How Do Lexical Senses Correspond Between Spoken German and German Sign Language?
arXiv:2602.13790v1 Announce Type: new Abstract: Sign language lexicographers construct bilingual dictionaries by establishing word-to-sign mappings, where polysemous and homonymous words corresponding to different signs across contexts are often underrepresented. A usage-based approach examining how word senses map to signs can identify such novel mappings absent from current dictionaries, enriching lexicographic resources. We address this by analyzing German and German Sign Language (Deutsche Geb\"ardensprache, DGS), manually annotating 1,404 word use-to-sign ID mappings derived from 32 words from the German Word Usage Graph (D-WUG) and 49 signs from the Digital Dictionary of German Sign Language (DW-DGS). We identify three correspondence types: Type 1 (one-to-many), Type 2 (many-to-one), and Type 3 (one-to-one), plus No Match cases. We evaluate computational methods: Exact Match (EM) and Semantic Similarity (SS) using SBERT embeddings. SS substantially outperforms EM overall 88.52%
arXiv:2602.13790v1 Announce Type: new Abstract: Sign language lexicographers construct bilingual dictionaries by establishing word-to-sign mappings, where polysemous and homonymous words corresponding to different signs across contexts are often underrepresented. A usage-based approach examining how word senses map to signs can identify such novel mappings absent from current dictionaries, enriching lexicographic resources. We address this by analyzing German and German Sign Language (Deutsche Geb\"ardensprache, DGS), manually annotating 1,404 word use-to-sign ID mappings derived from 32 words from the German Word Usage Graph (D-WUG) and 49 signs from the Digital Dictionary of German Sign Language (DW-DGS). We identify three correspondence types: Type 1 (one-to-many), Type 2 (many-to-one), and Type 3 (one-to-one), plus No Match cases. We evaluate computational methods: Exact Match (EM) and Semantic Similarity (SS) using SBERT embeddings. SS substantially outperforms EM overall 88.52% vs. 71.31%), with dramatic gains for Type 1 (+52.1 pp). Our work establishes the first annotated dataset for cross-modal sense correspondence and reveals which correspondence patterns are computationally identifiable. Our code and dataset are made publicly available.
Executive Summary
The article explores the correspondence between lexical senses in spoken German and German Sign Language (DGS), addressing the challenge of polysemy and homonymy in bilingual lexicography. By manually annotating 1,404 word use-to-sign mappings, the study identifies three types of correspondence patterns and evaluates computational methods for identifying these patterns. The findings highlight the superiority of semantic similarity (SS) over exact match (EM) methods, particularly for one-to-many mappings, and establish a foundational dataset for future research in cross-modal sense correspondence.
Key Points
- ▸ The study examines the mapping of word senses between spoken German and German Sign Language (DGS).
- ▸ Three types of correspondence patterns (Type 1, Type 2, Type 3) and No Match cases are identified.
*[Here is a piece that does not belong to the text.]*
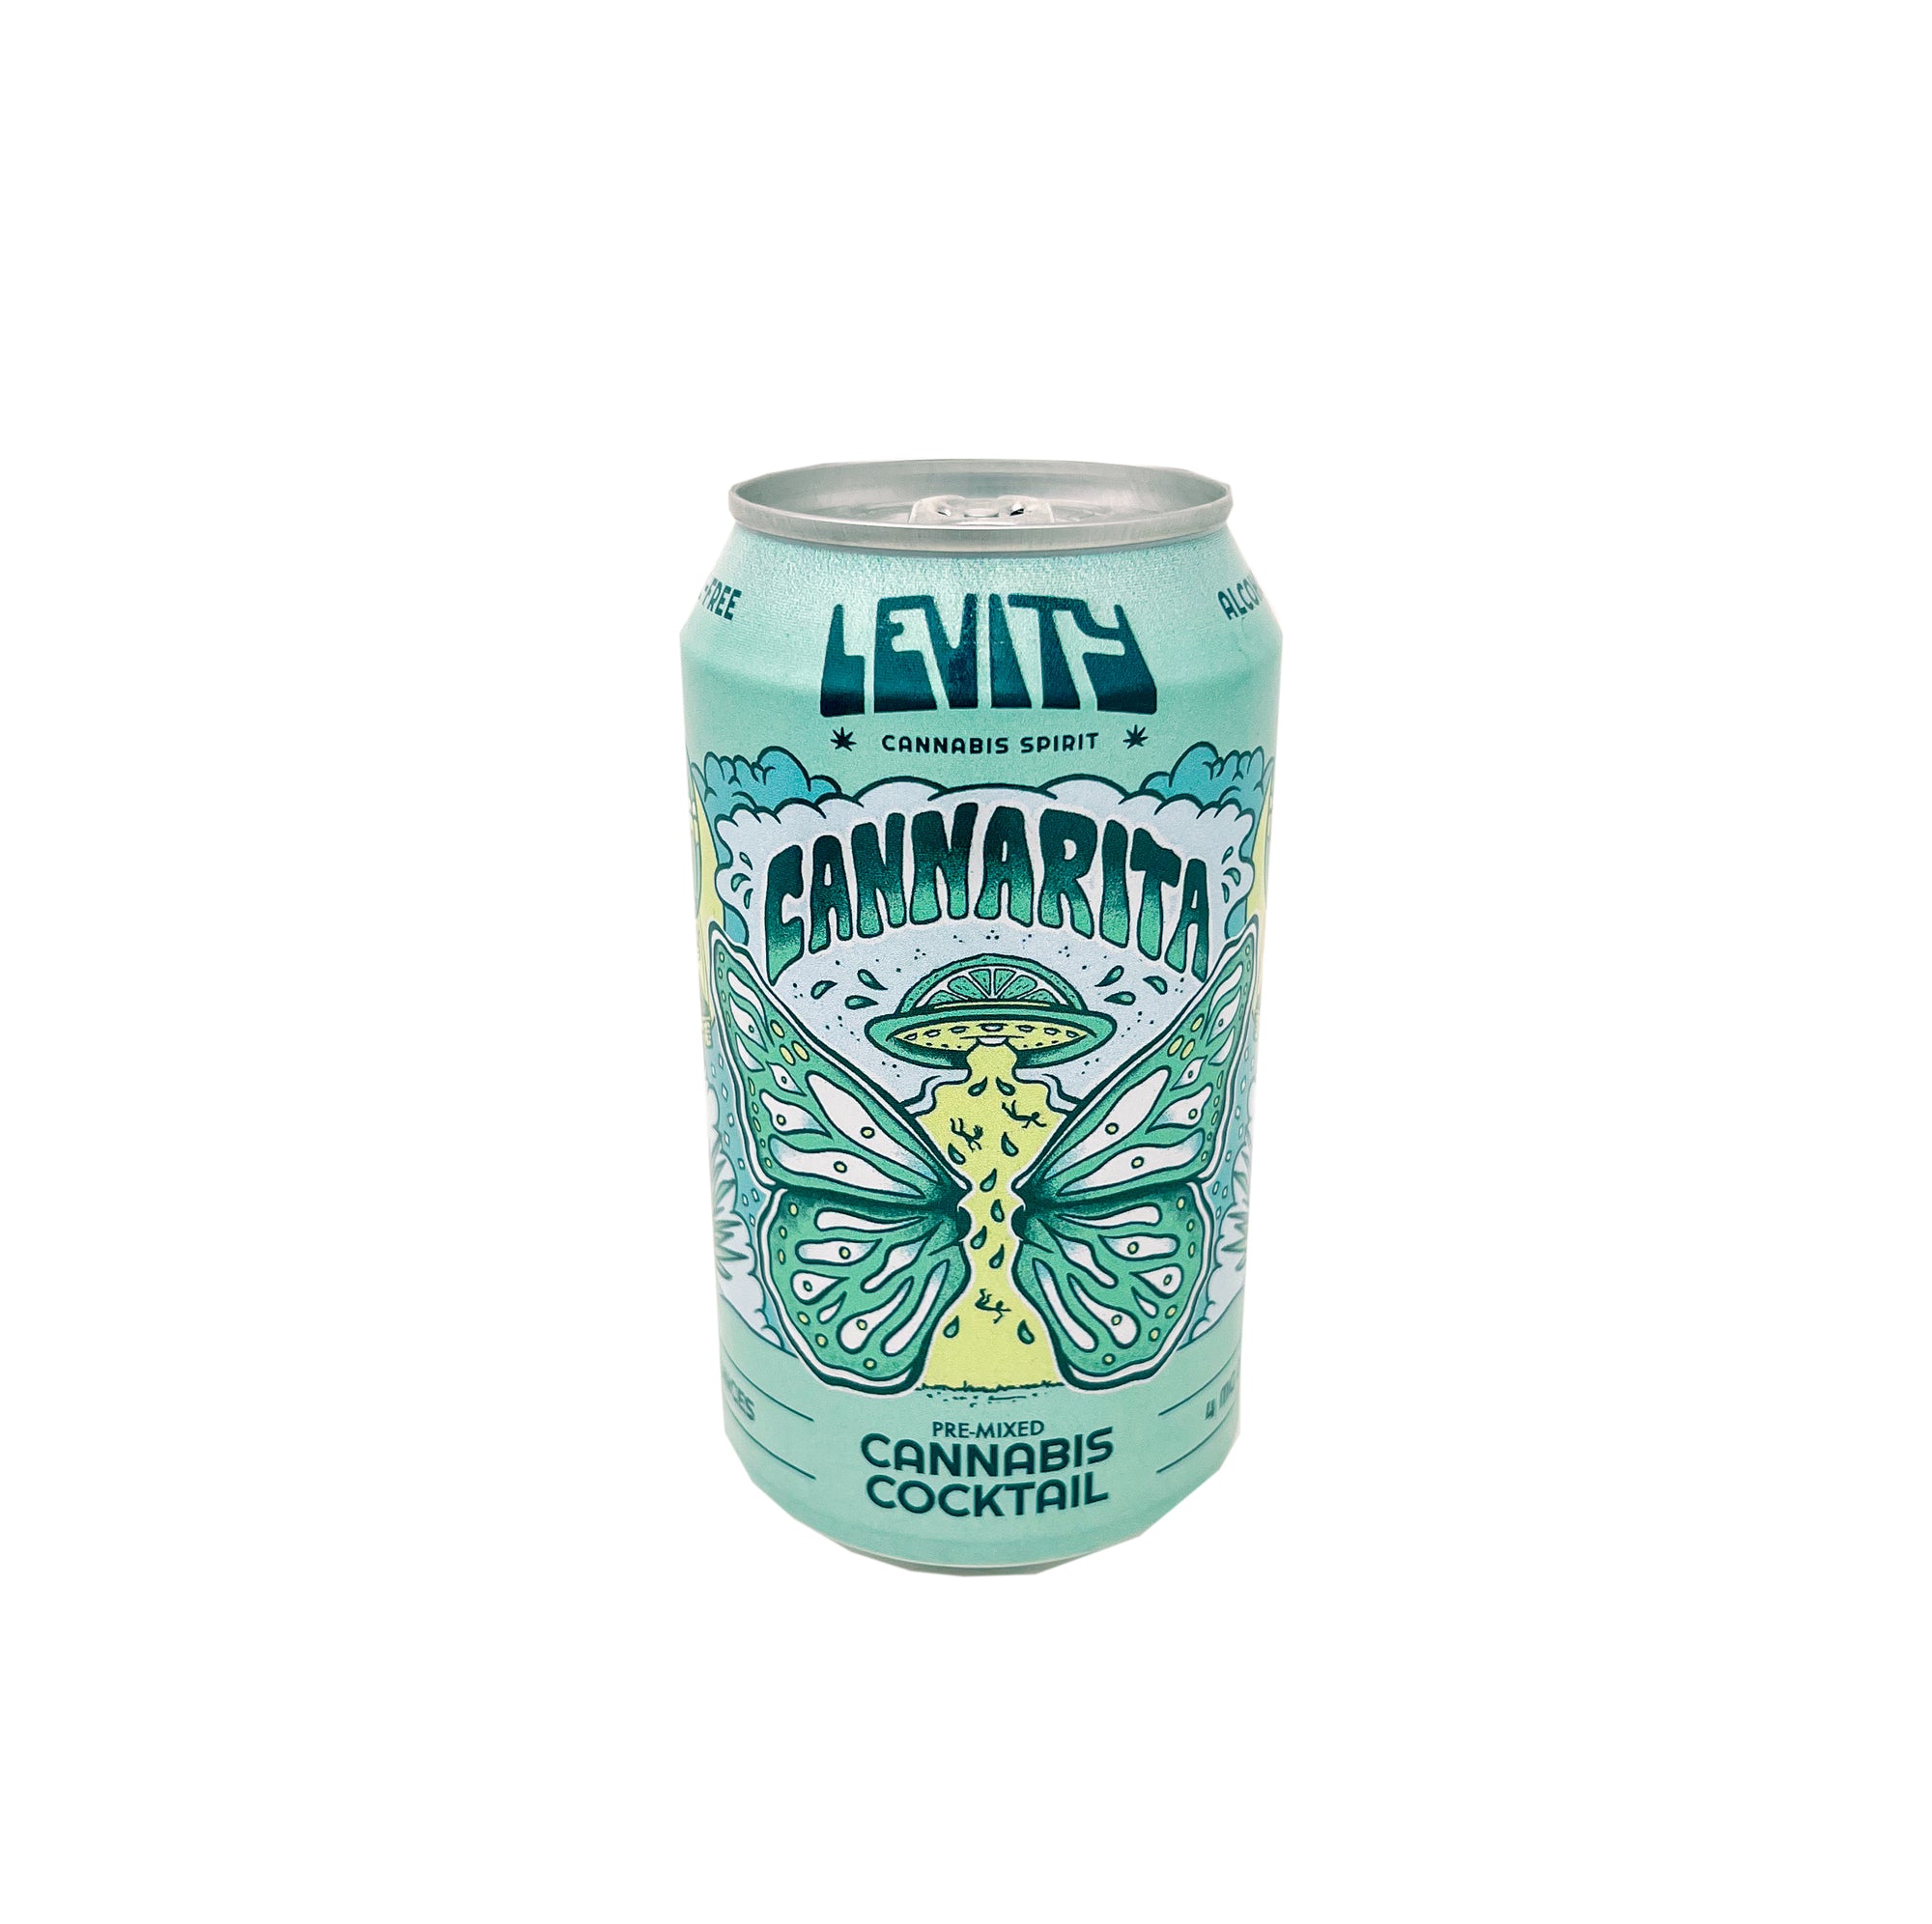 Levity Canned Cocktails - Cannarita
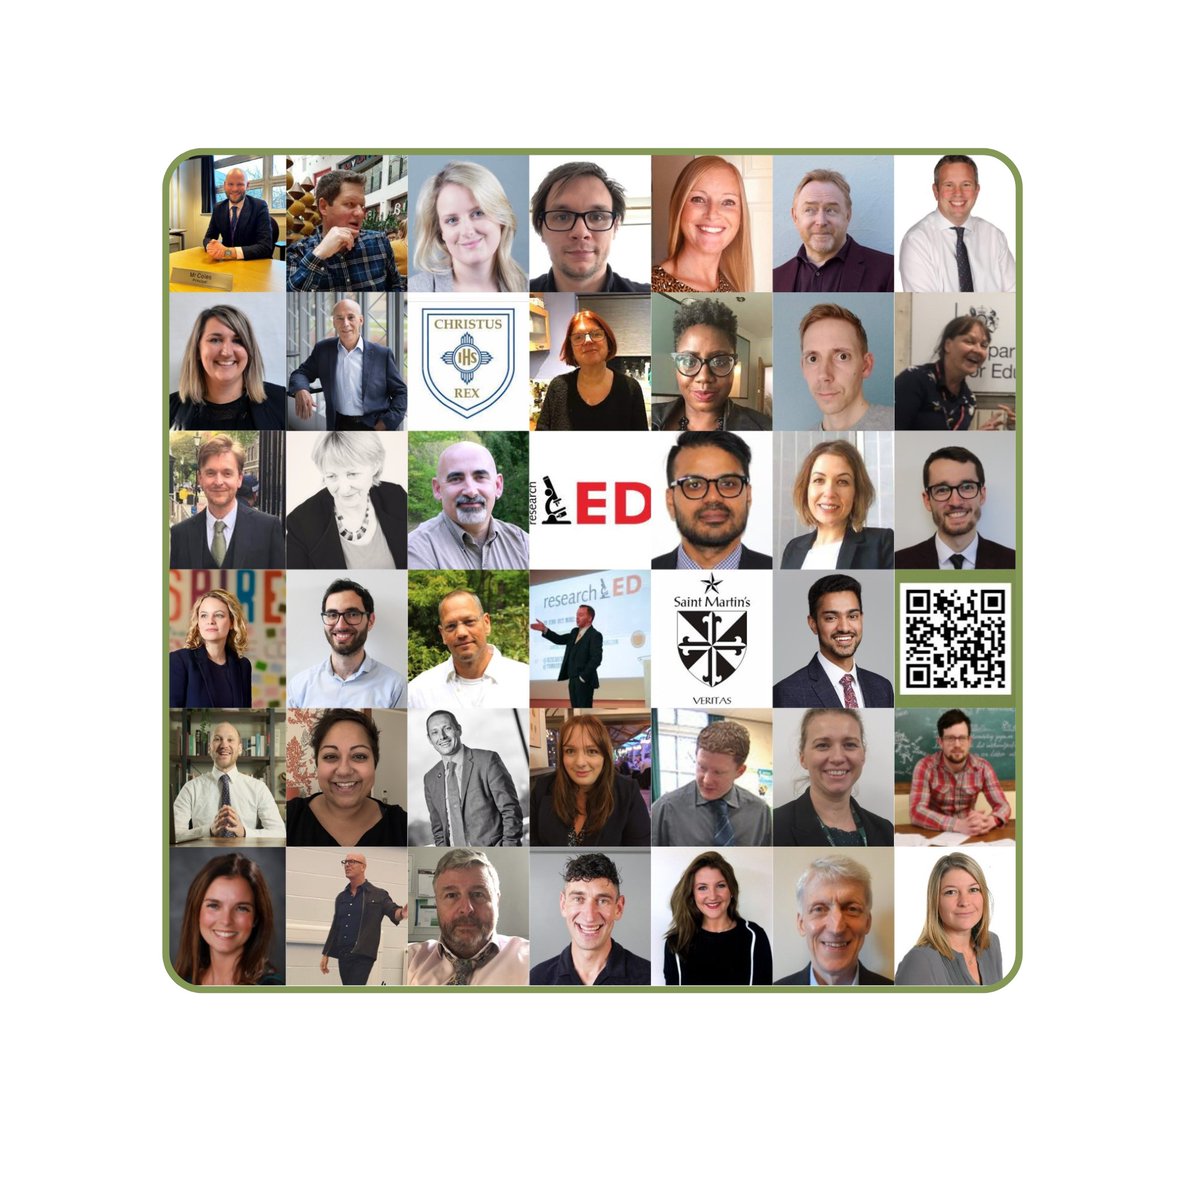 A chocolate box of expert speakers for ELP Year 5: @jon_hutchinson_ @BarryNSmith79 @primarypercival @Ruth_Ashbee @adamboxer1 and welcoming @Suchmo83. Enrolment open; early enrolment discount. Click below to learn more: exemplaryleadership.org.uk

- ▸ Semantic Similarity (SS) using SBERT embeddings outperforms Exact Match (EM) methods, especially for Type 1 mappings.
- ▸ The research provides the first annotated dataset for cross-modal sense correspondence.
- ▸ The study offers insights into the computational identifiability of correspondence patterns.
Merits
Innovative Approach
The usage-based approach to lexicography is innovative and addresses a significant gap in bilingual dictionaries, particularly for sign languages.
Comprehensive Dataset
The creation of the first annotated dataset for cross-modal sense correspondence is a valuable contribution to the field.
Methodological Rigor
The study employs rigorous computational methods and provides a detailed evaluation of their performance.
Demerits
Limited Scope
The study is limited to a small subset of words and signs, which may not fully capture the complexity and diversity of lexical mappings.
Manual Annotation
The reliance on manual annotation for creating the dataset is time-consuming and may introduce human bias.
Generalizability
The findings may not be generalizable to other languages or sign languages due to the specific focus on German and DGS.
Expert Commentary
The article presents a significant advancement in the field of lexicography, particularly in the context of sign languages. The usage-based approach and the identification of correspondence patterns provide valuable insights into the complexities of mapping lexical senses between spoken and sign languages. The study's rigorous methodology and the creation of a comprehensive dataset are commendable. However, the limited scope and the reliance on manual annotation are notable limitations. The findings have practical implications for improving bilingual dictionaries and can inform policy decisions regarding the inclusion and accessibility of sign languages. Future research should aim to expand the dataset and explore the generalizability of the findings to other language pairs.
Recommendations
- ✓ Expand the dataset to include a broader range of words and signs to capture the full complexity of lexical mappings.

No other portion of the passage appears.